* _Exercise details_
Every line from the one containing "Lecturer: Mr. Wasim Imtiasz" through the end of the listing below goes in the output, exactly and without pictures.

* _Dataset excerpt_
<<<<

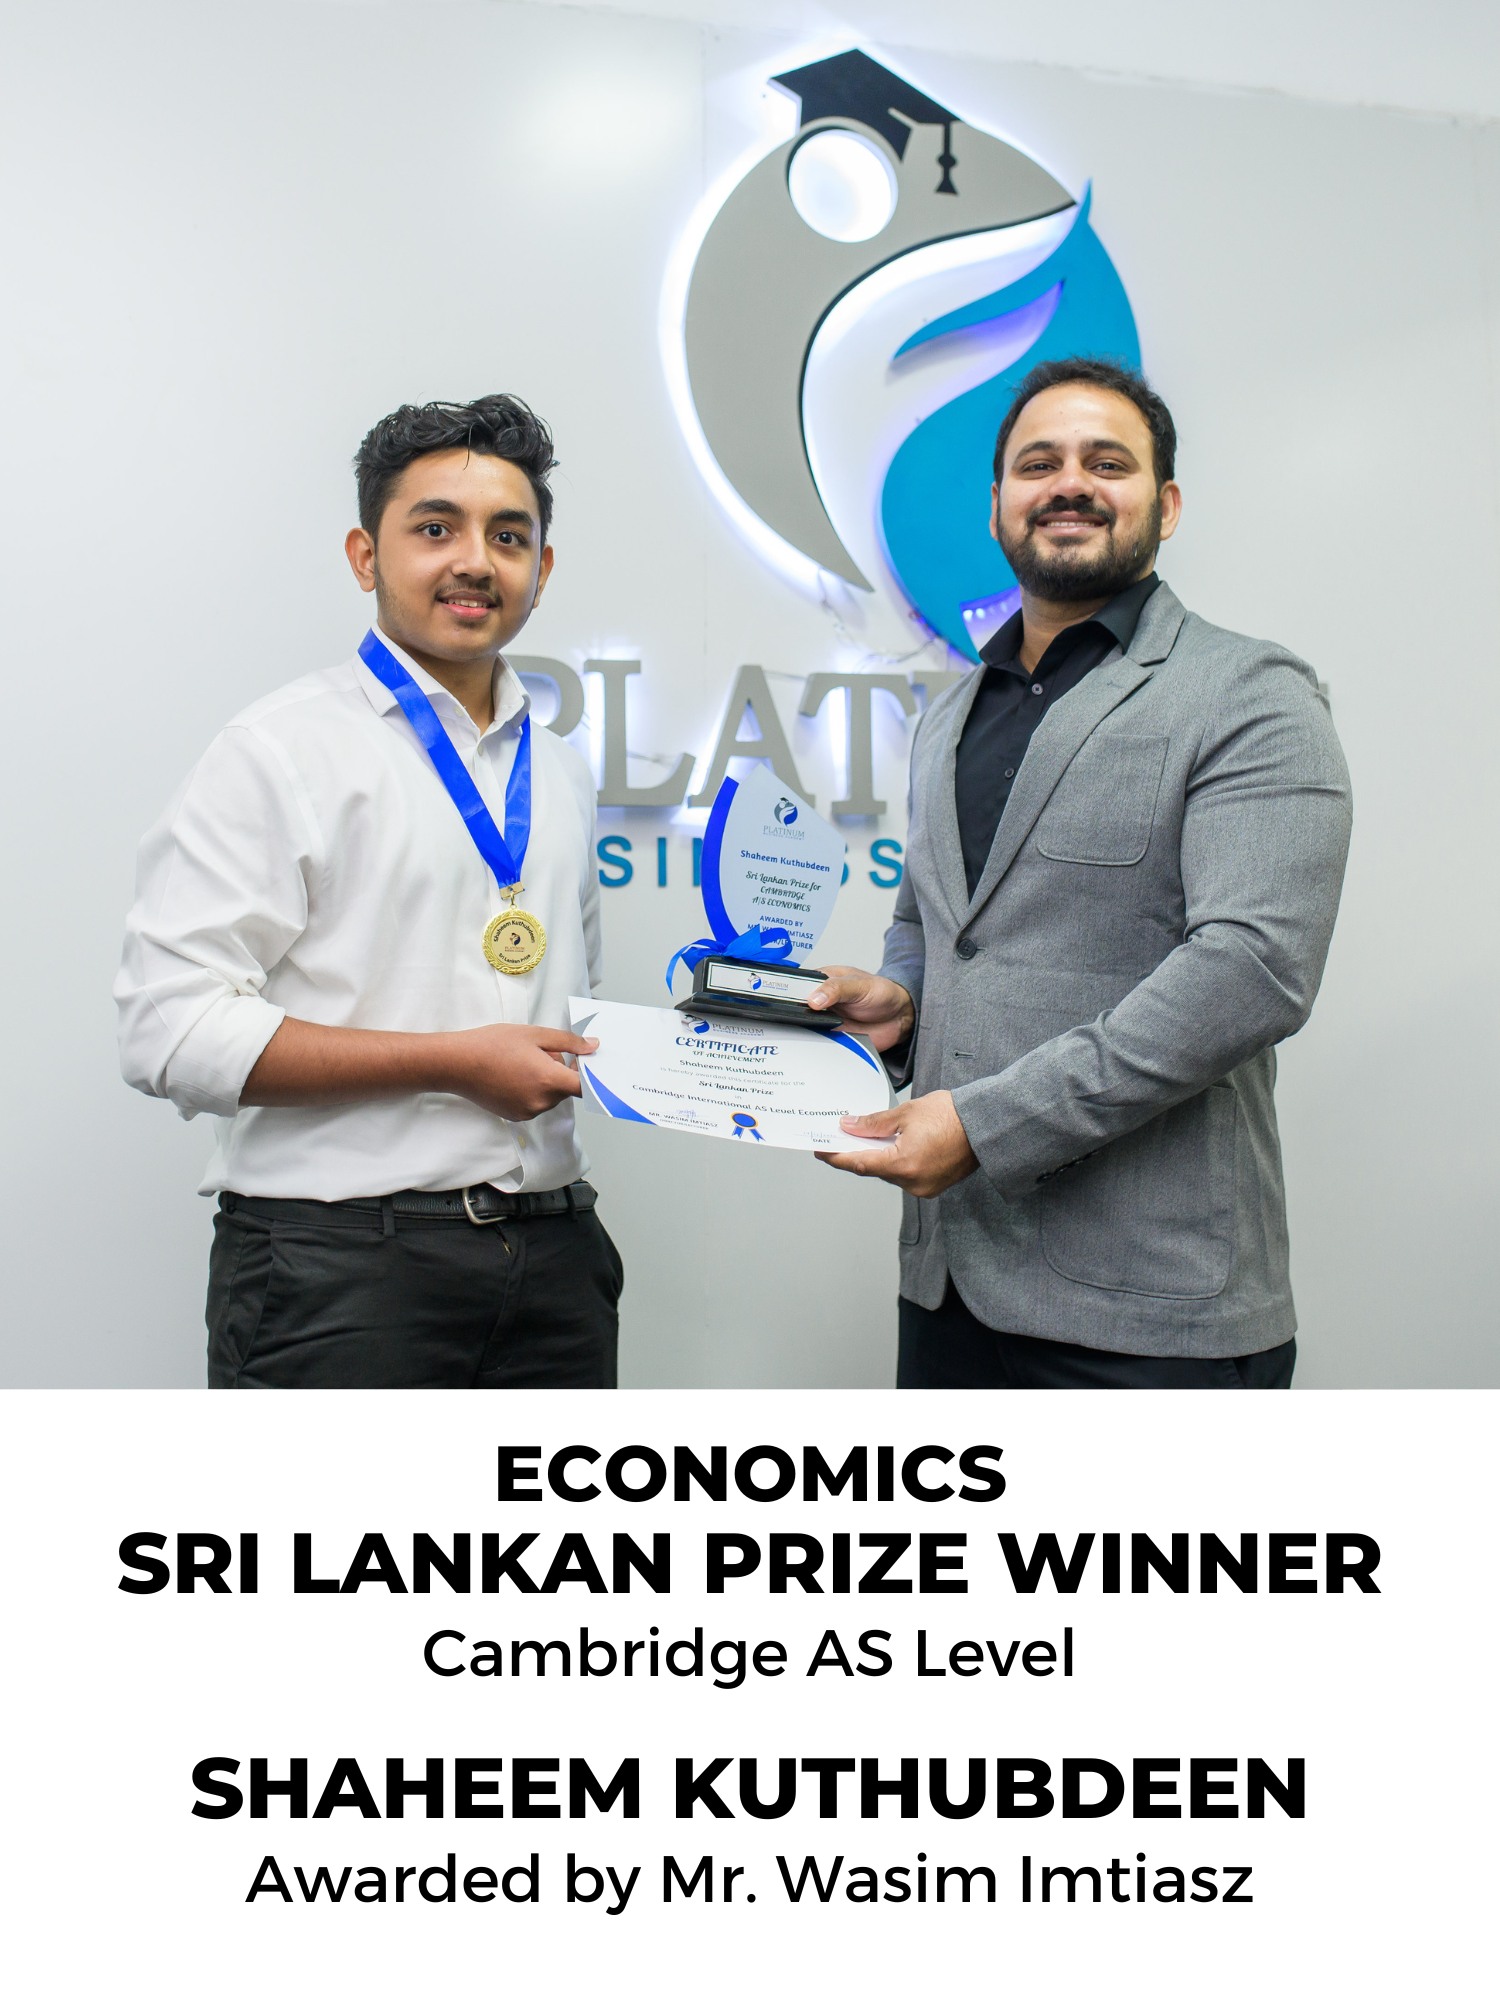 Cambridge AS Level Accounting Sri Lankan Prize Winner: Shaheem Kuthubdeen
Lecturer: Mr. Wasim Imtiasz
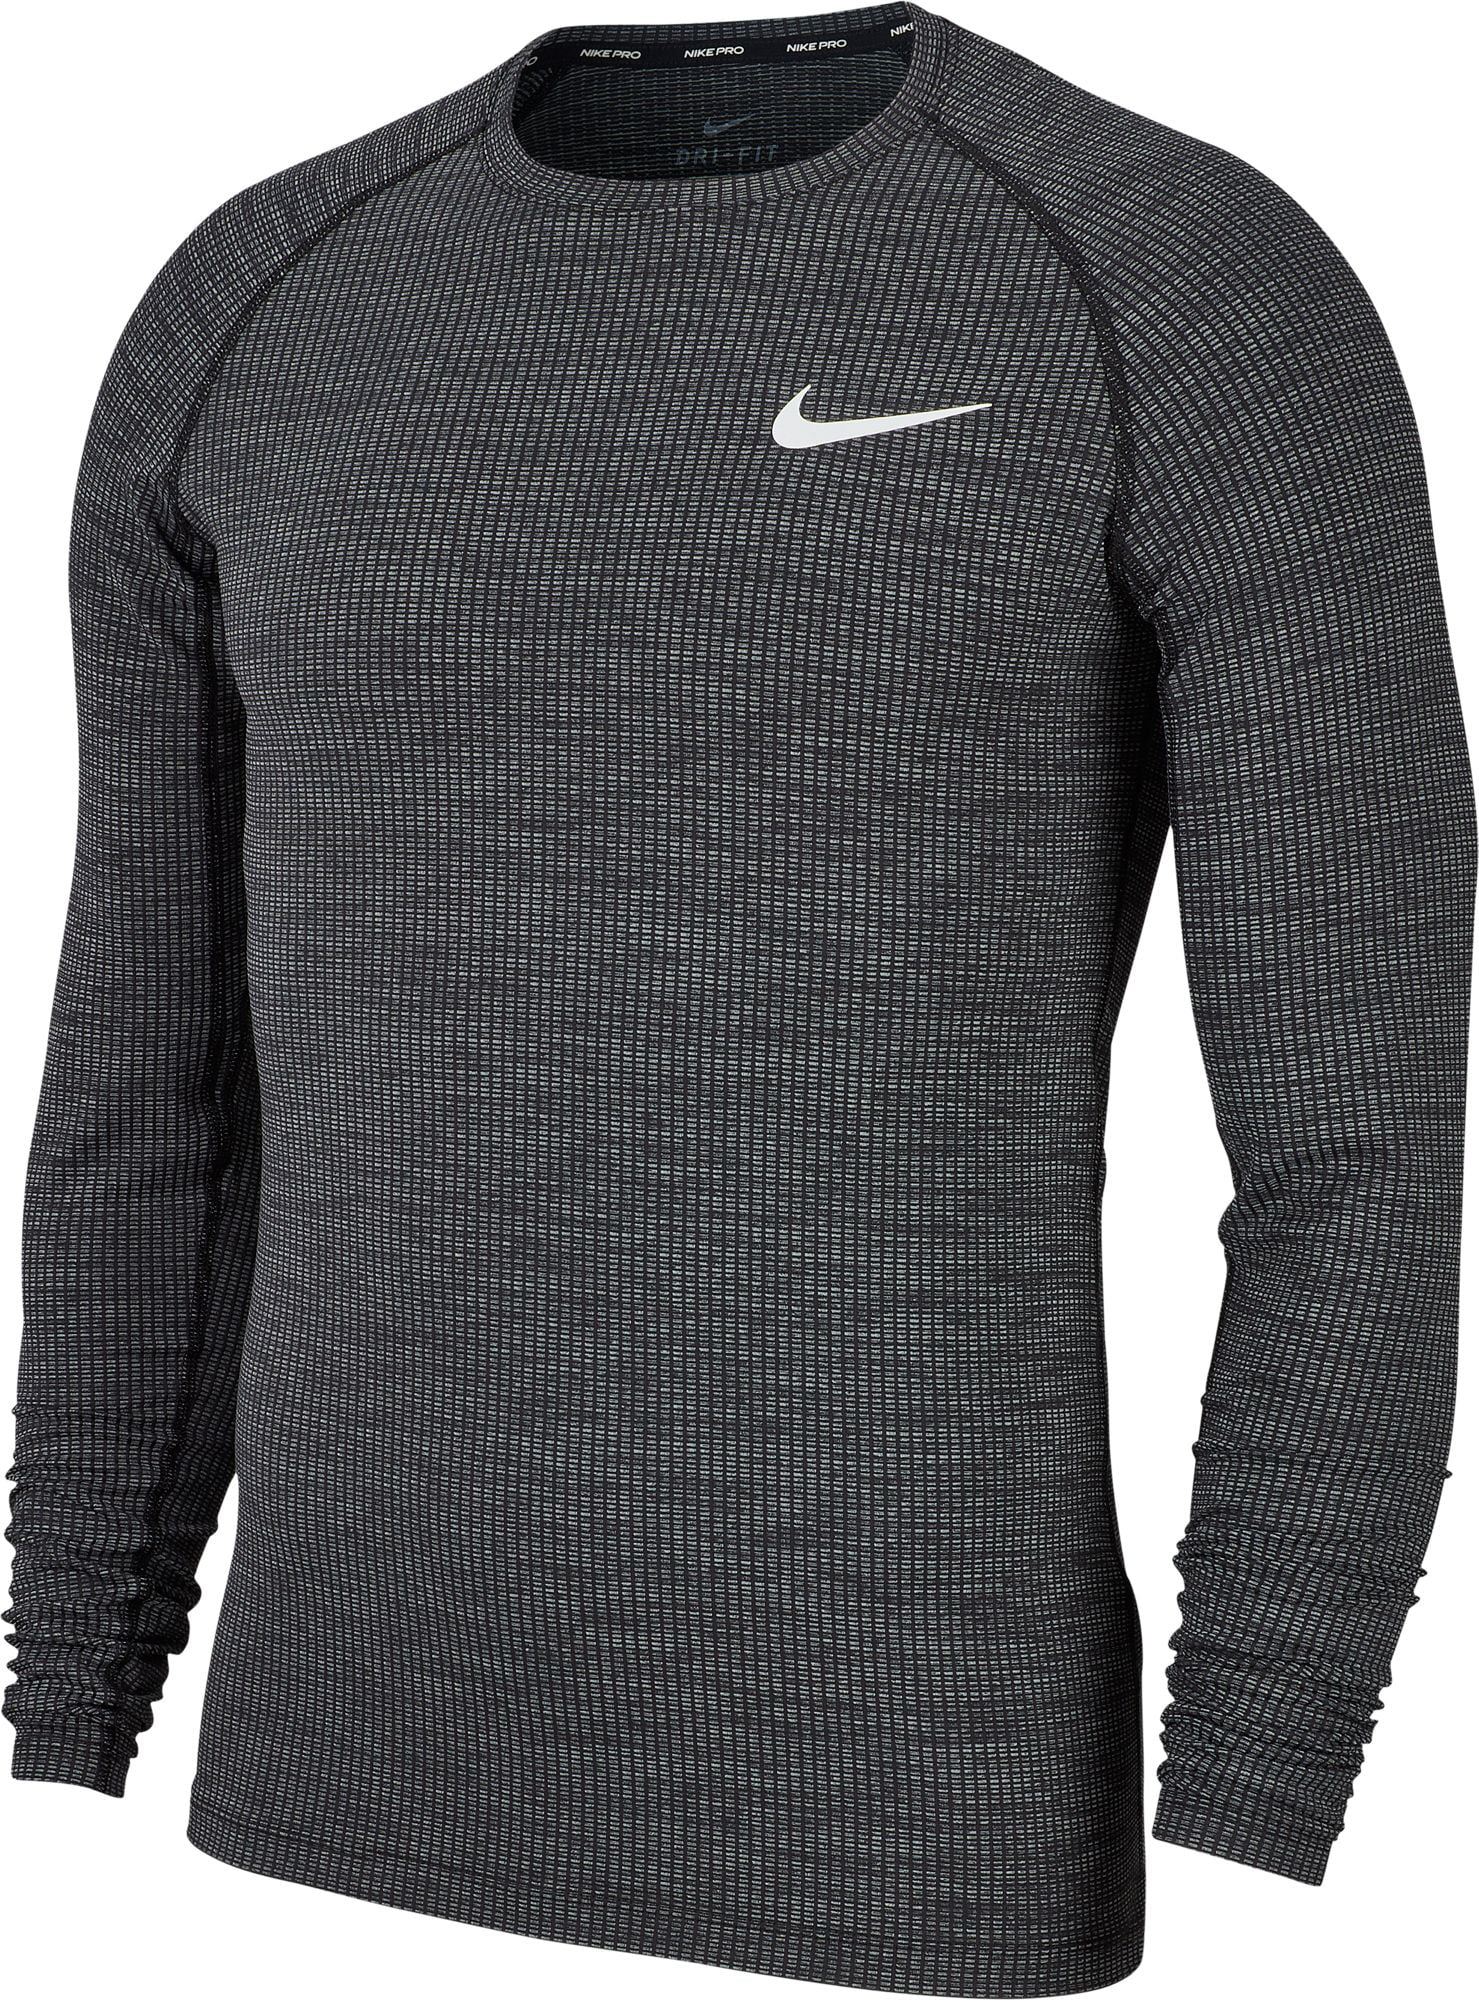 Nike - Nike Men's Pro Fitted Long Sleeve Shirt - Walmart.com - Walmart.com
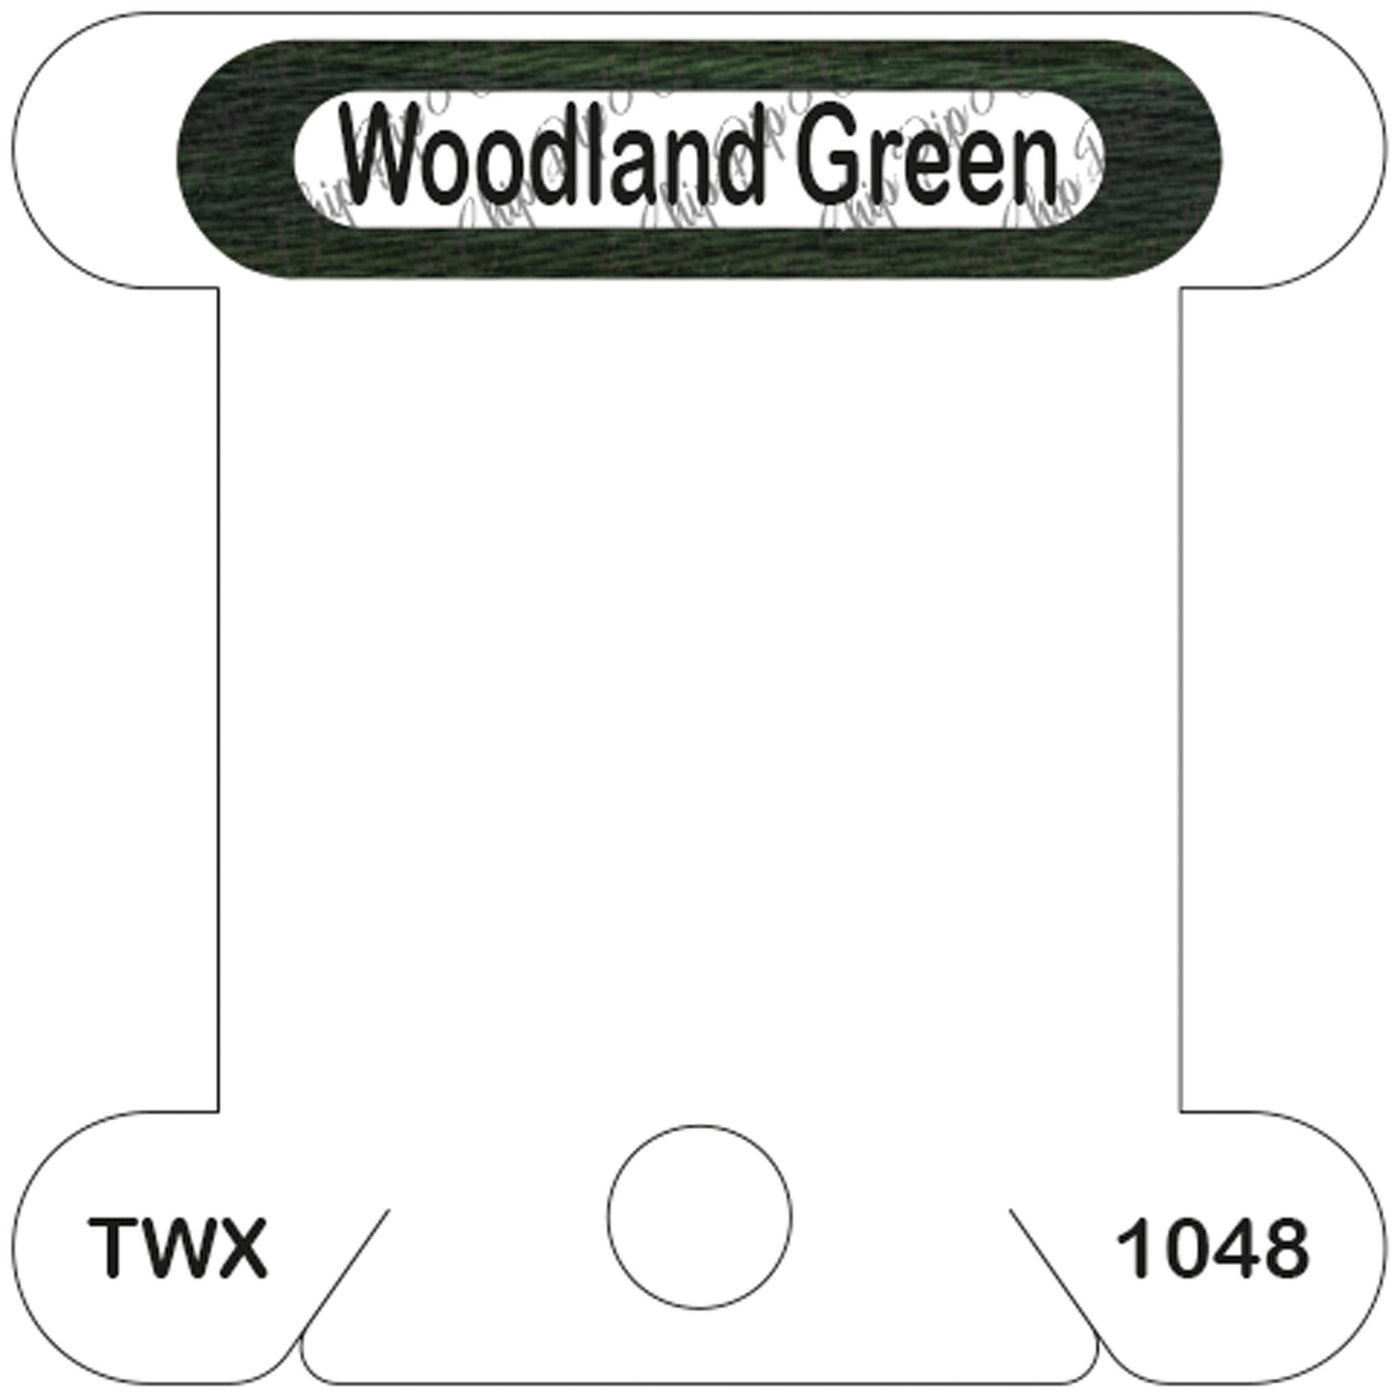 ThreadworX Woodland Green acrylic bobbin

>>>>

* _Response box_
Lecturer: Mr. Wasim Imtiasz
 Nike - Nike Men's Pro Fitted Long Sleeve Shirt - Walmart.com - Walmart.com
 ThreadworX Woodland Green acrylic bobbin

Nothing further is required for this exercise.